# Как же/Ну как же



## Claude Paul

Hi to everyone!

Very often I find these expressions and I have troubles translating them... 

Thank you so much for your help!


----------



## bedtimestorynyc

"How's that?", "how's that so?", "why?"

but it would be better if you provided a context.


----------



## Ptak

"(Ну) как же!" also could mean "Surely!"

You need the context to translate that correctly.


----------



## antimatter

Ptak said:


> "(Ну) как же!" also could mean "Surely!"
> 
> You need the context to translate that correctly.
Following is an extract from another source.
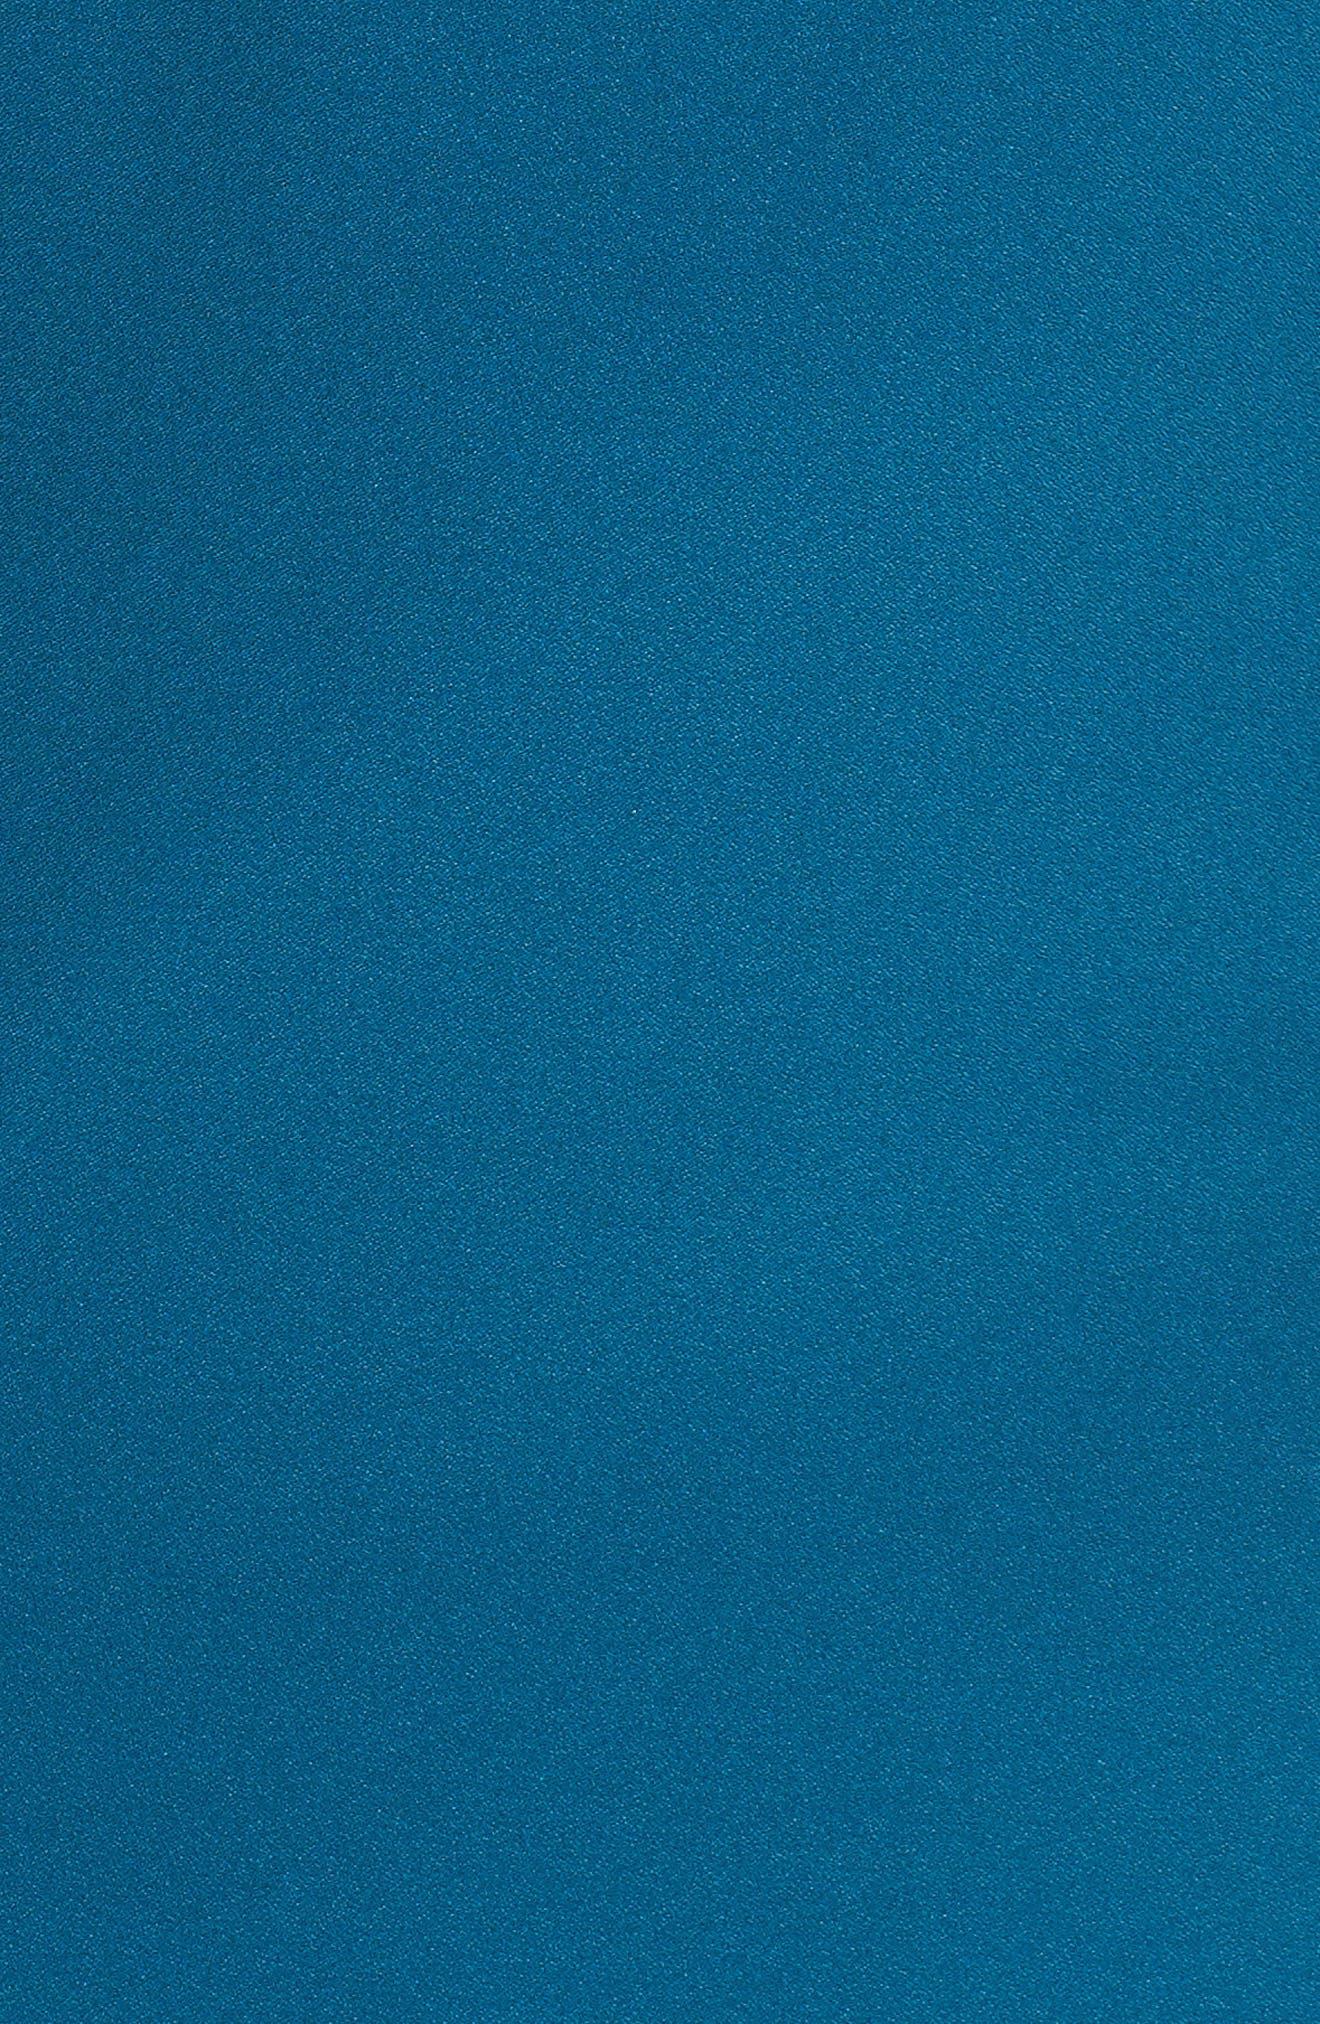 Long Split Sleeve Crepe Sheath Dress,                             Alternate thumbnail 6, color,                             OCEAN TEAL

I'm always confused by the meaning of же in various phrases
Что же ты?
Ну что же?
как же так?
так же как (I;ve already addressed a question about the last two ones)

and yet there are even more contexts which I find quite confusing, but I don't remember right now to post here.
And I'm not even sure about whether ж = же and whether they are interchangeable.


----------



## Claude Paul

My mistake! Right you all are! OK, what about these examples:

*"Как же я по тебе скучаю"
"Как же называется эта книга?"
"Ну как же вы не видите"*

If you could suggest me another examples about how to use it, I'd be very thankful!

So far, and in fully agreement with antimatter, hardest challenge I had to face learning Russian language is to understand all these phrases that are a mixture of particles... really...


----------



## Dmitry71

*"Как же я по тебе скучаю!" - I*_ miss you so much!_*
"Ты не представляешь, как же я по тебе скучаю" - *_You can't imagine how much I miss you_*
"Как же называется эта книга?"  - *_What on Earth is the title of this book?_*
"Ну как же вы не видите"* *-* Why on Earth can't you see?



> And I'm not even sure about whether ж = же and whether they are interchangeable.


*ж* is a colloquial form of *же*
*ж=же*, but not vice-versa
With some words, for example, *как* only *же* is acceptable


----------



## Claude Paul

Wow, fantastic! I see now, thank you so much, Dmitry71!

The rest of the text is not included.